==== Information provided

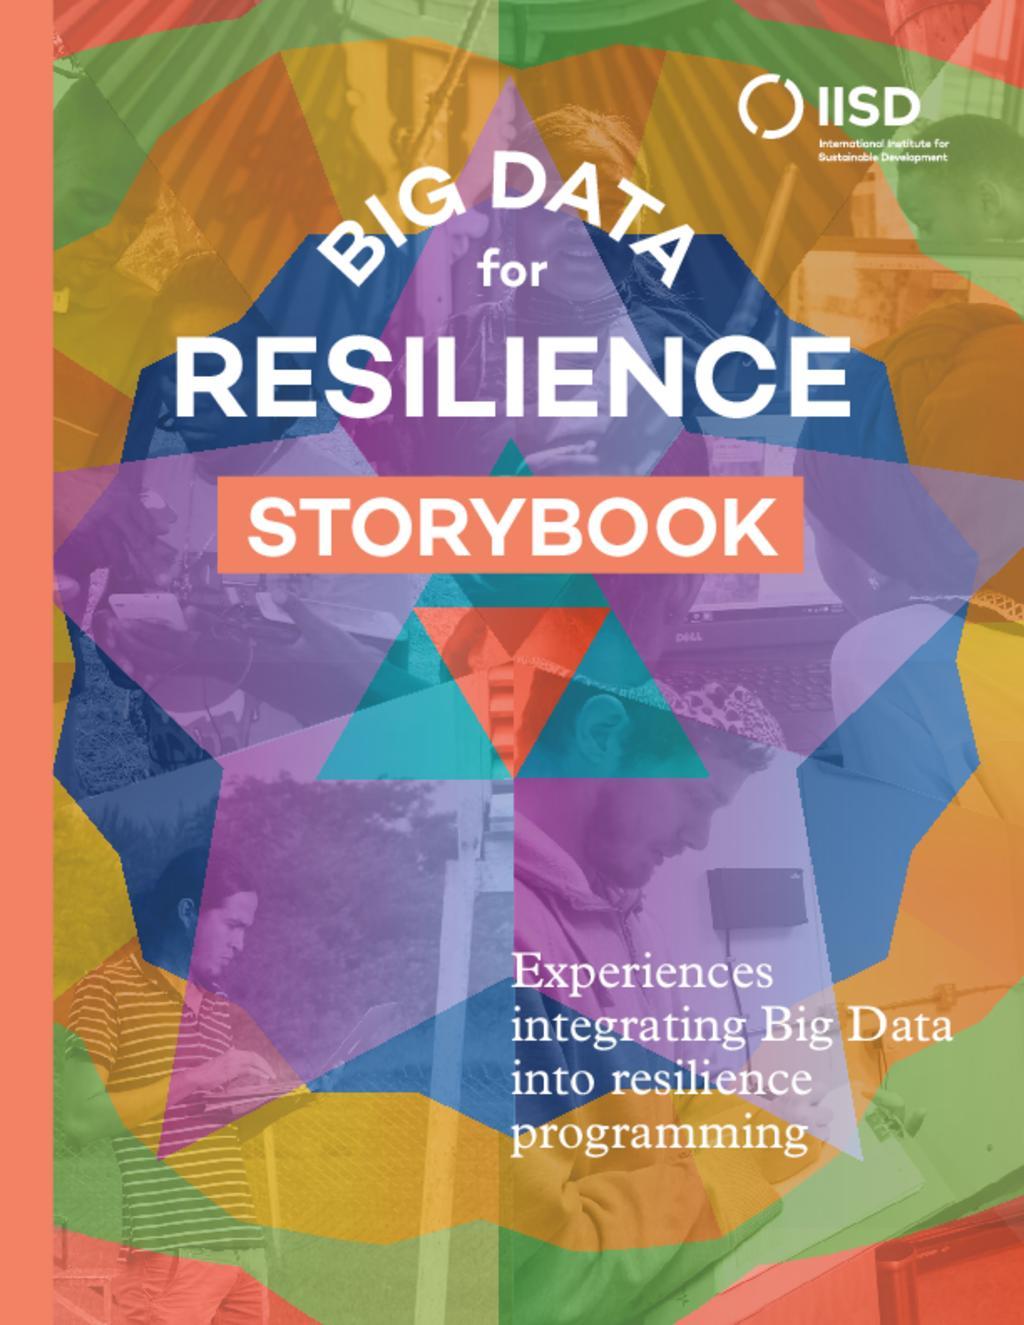 Big Data resilience
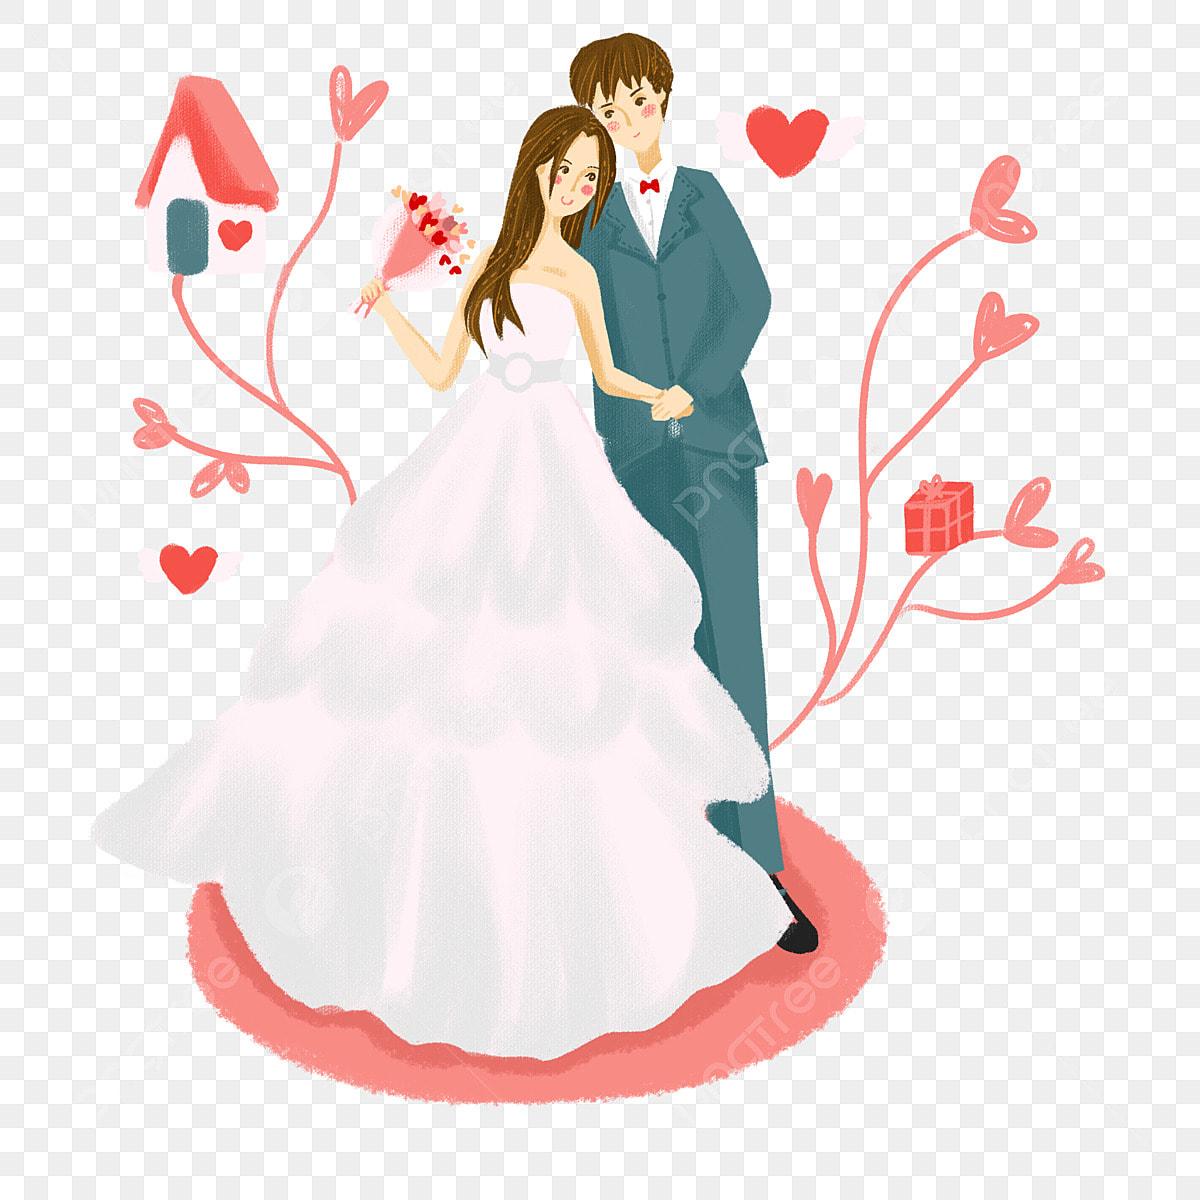 Romantique Couple Main De Mariage Rose Dessin Couple Romantique Couple Romantique Romantique Romantique Mariage Festival Romantique Fichier Png Et Psd Pour Le Téléchargement Libre
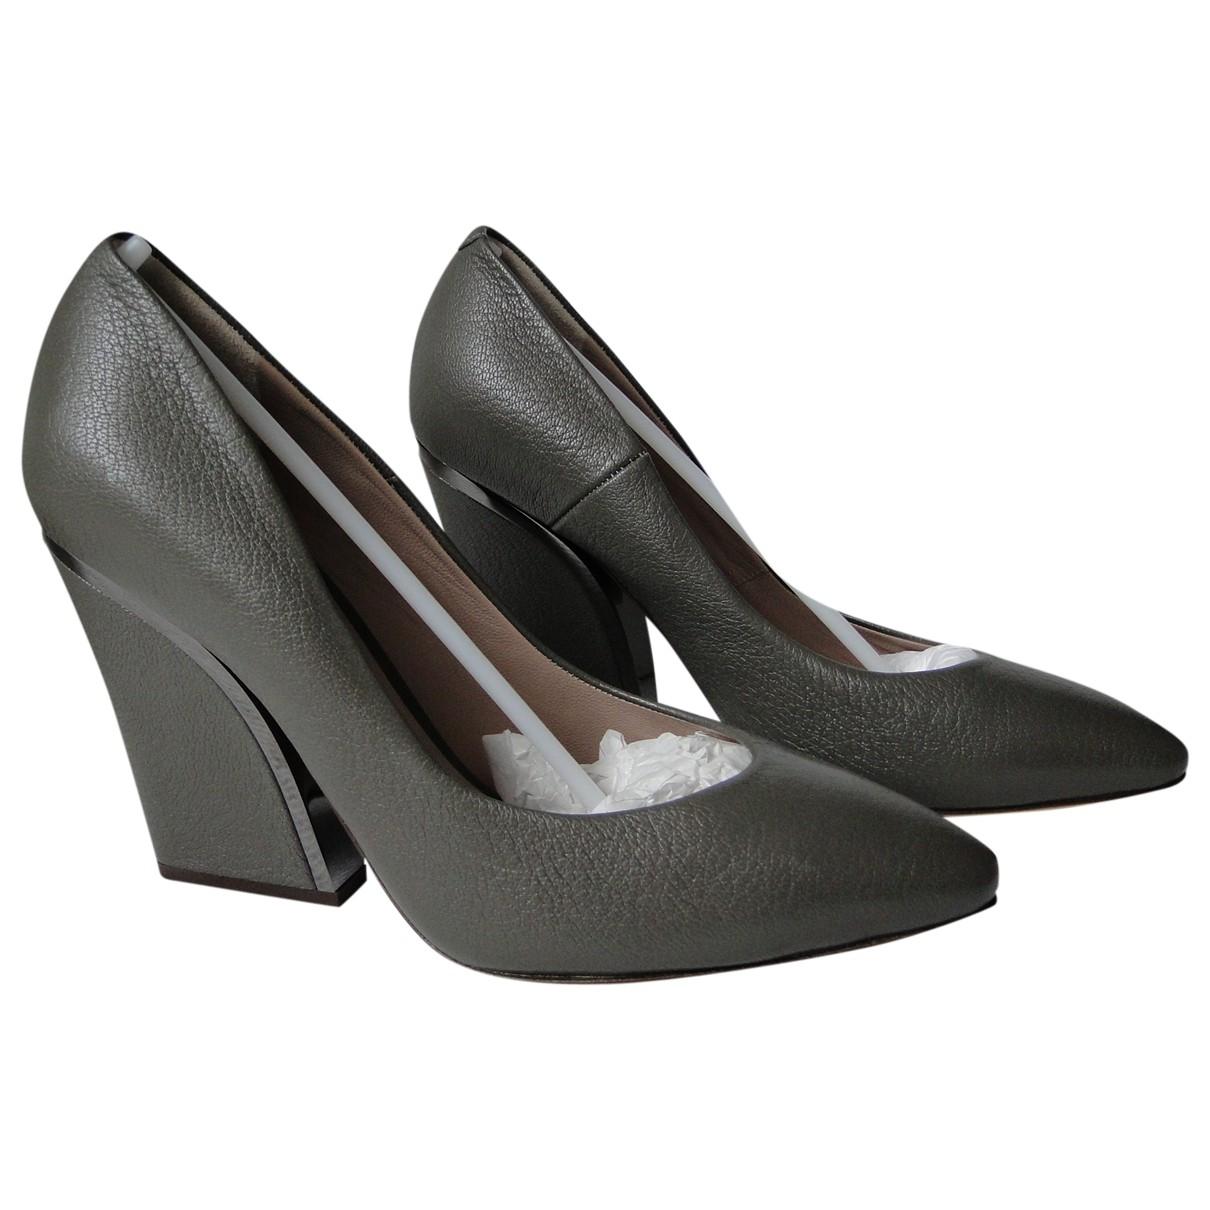 Chloe - Escarpins   pour femme en cuir - gris

========

Requirement —
The full text of the data above, exact and without pictures, is what to return.

Response for this exercise —
 Big Data resilience
 Romantique Couple Main De Mariage Rose Dessin Couple Romantique Couple Romantique Romantique Romantique Mariage Festival Romantique Fichier Png Et Psd Pour Le Téléchargement Libre
 Chloe - Escarpins   pour femme en cuir - gris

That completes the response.